The details that matter for typo tolerance specifically:

prefix_length: 1 keeps the first character fixed before applying fuzziness. This is the single biggest precision win — demon won't fuzzy-match lemon, but demn still matches demon. It also slashes the number of terms OpenSearch has to expand, which keeps latency down.
max_expansions: 30 caps how many fuzzy variants a term expands into, so a short query can't blow up into thousands of term lookups.
operator: and on the Latin field means every query word must match (fuzzily). Without it, a three-word query returns anything matching any one word, and precision collapses.
CJK gets minimum_should_match: 70% instead of fuzziness, so dropping one character out of a four-character title still matches, but unrelated bigram overlap doesn't.

Backfilling and verifying with Python

For the initial bulk load of the full corpus and for nightly drift-checks, I wrote a small Python tool. PHP owns the live path; Python is just operational tooling, and the OpenSearch helpers.bulk streaming helper is genuinely nicer than hand-rolling batches.

#!/usr/bin/env python3
"""Backfill OpenSearch from the SQLite source of truth, then verify counts."""
import os
import sqlite3
from opensearchpy import OpenSearch, helpers

INDEX = "videos_v3"
DB_PATH = os.environ.get("VIDEO_DB", "data/videos.db")

client = OpenSearch(
    hosts=[os.environ.get("OPENSEARCH_HOST", "https://127.0.0.1:9200")],
    http_auth=("admin", os.environ["OPENSEARCH_PASS"]),
    verify_certs=False,
    timeout=30,
)


def docs(conn: sqlite3.Connection):
    conn.row_factory = sqlite3.Row
    cur = conn.execute(
        "SELECT video_id, title, region, lang, view_count, published_at FROM videos"
    )
    for row in cur:
        yield {
            "_index": INDEX,
            "_id": row["video_id"],
            "_source": {
                "video_id": row["video_id"],
                "title": row["title"],
                "region": row["region"],
                "lang": row["lang"],
                "view_count": int(row["view_count"] or 0),
                "published_at": row["published_at"],
            },
        }


def main() -> None:
    conn = sqlite3.connect(DB_PATH)
    ok, errors = helpers.bulk(client, docs(conn), chunk_size=1000, raise_on_error=False)
    print(f"indexed={ok} errors={len(errors)}")

    client.indices.refresh(index=INDEX)
    sql_count = conn.execute("SELECT COUNT(*) FROM videos").fetchone()[0]
    os_count = client.count(index=INDEX)["count"]
    drift = sql_count - os_count
    print(f"sqlite={sql_count} opensearch={os_count} drift={drift}")
    if abs(drift) > sql_count * 0.001:  # tolerate 0.1% in-flight skew
        raise SystemExit(f"drift too high: {drift}")

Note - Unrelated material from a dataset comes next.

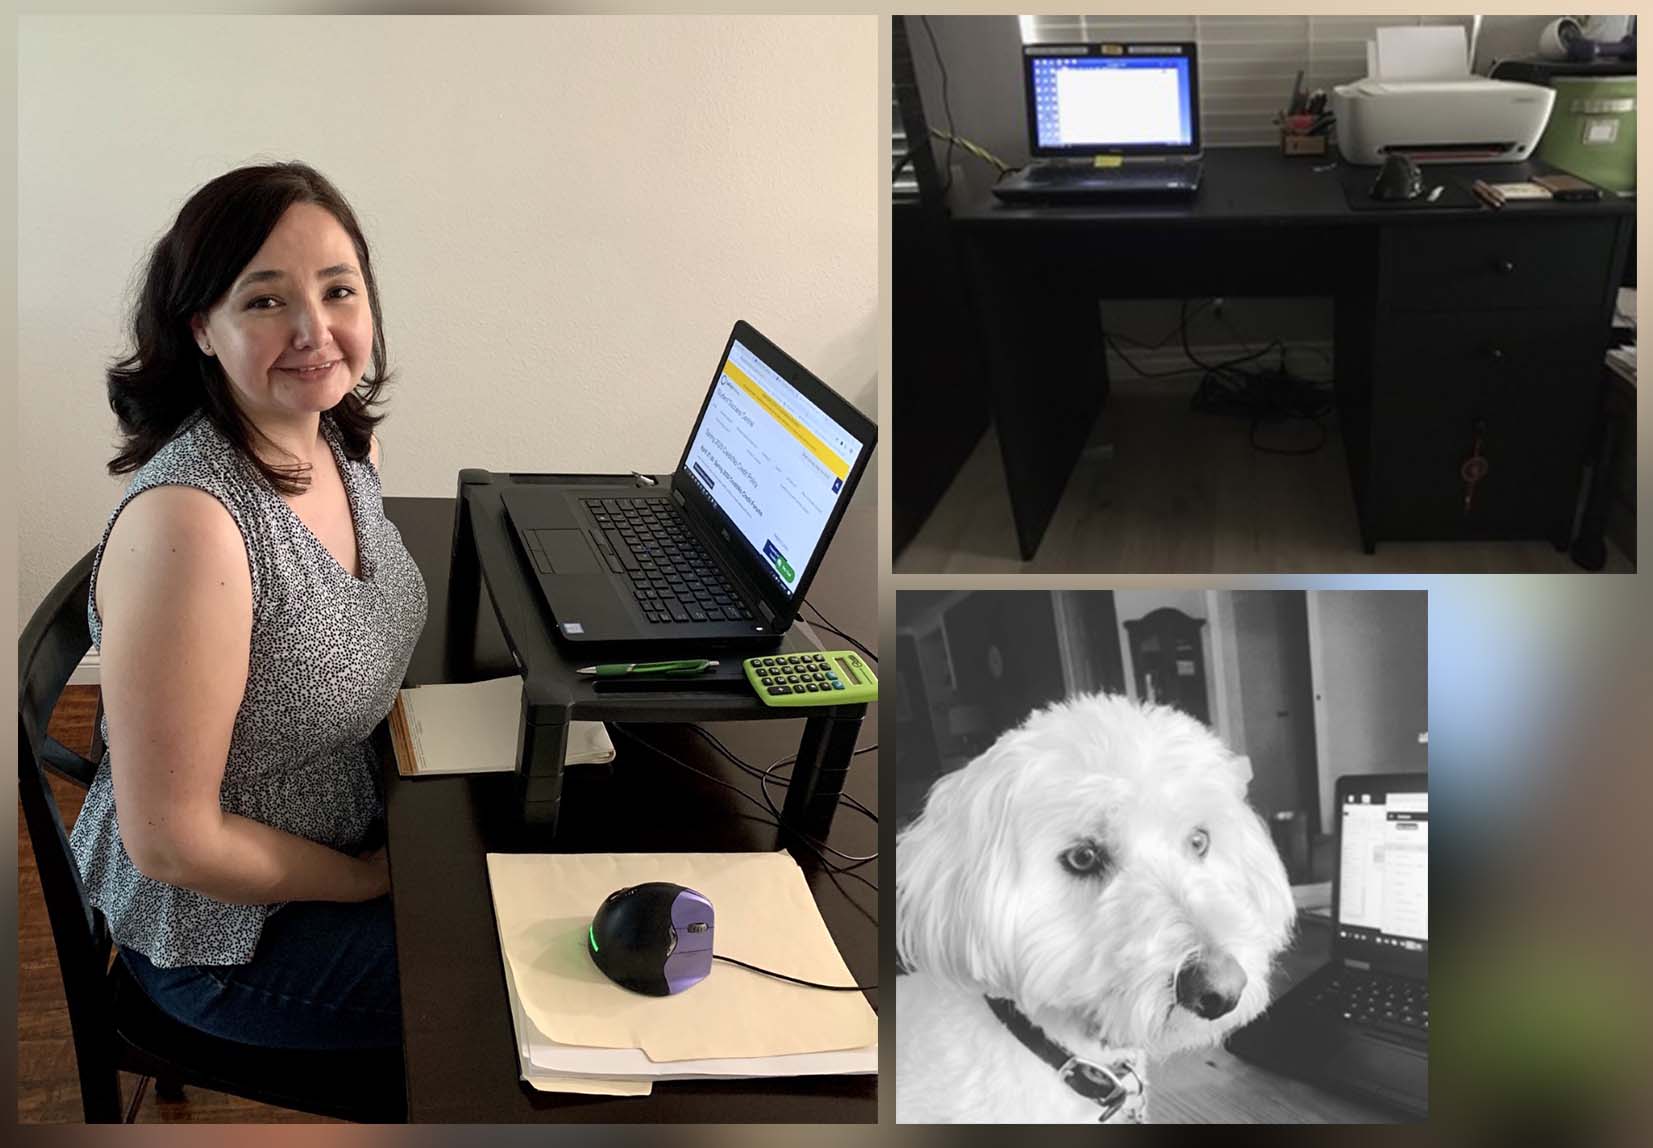 Left to right, clockwise: Laura Facio, engineering advisor; Lita Patel's setup; Monica Kay's dog, Hopps, invading her workspace.

if __name__ == "__main__":
    main()

The drift check is not optional. Two derived stores will diverge — a failed bulk item here, a deleted video there — and the only way I trust the index is by reconciling counts against SQLite on every run and alerting when they part by more than a rounding error.

What actually moved the numbers

A few hard-won lessons from running this in production:

Test fuzziness against your real query log, not synthetic typos. I built a tiny harness that replays the last 30 days of zero-result queries through the new index. That replay is what told me prefix_length: 1 was the right call and fuzziness: 2 on short tokens was a precision disaster.
CJK does not want fuzziness — it wants good tokenization. Every hour I spent on the analyzer chain paid off more than any query tuning. icu_normalizer + cjk_bigram + cjk_width quietly fixed full-width/half-width and the spurious-space problems that were causing zero results.
Keep SQLite as the source of truth. OpenSearch is a rebuildable cache. I can drop the index and replay from SQLite in minutes, which makes mapping changes (and there will be mapping changes) low-risk. Reindex into videos_v4, flip an alias, delete the old one.
Cache aggressively at the edge. Search results for popular queries go through Cloudflare with a short TTL, and our LiteSpeed layer caches the rendered result page. OpenSearch only sees the long tail, which keeps the cluster small — two shards, one replica, comfortably under load.
Cap fuzzy expansion. max_expansions and prefix_length together are your latency safety valve. Without them, one pathological short query can saturate the cluster.

Where it landed

The headline result: zero-result queries dropped from roughly 14% of all searches to under 3%, and the residual 3% is mostly genuinely-not-on-the-site queries rather than typos. Search-driven sessions got measurably longer because people now find the video they fat-fingered on the first try. p95 search latency sits around 40ms on a modest two-node cluster, well within what the page budget allows.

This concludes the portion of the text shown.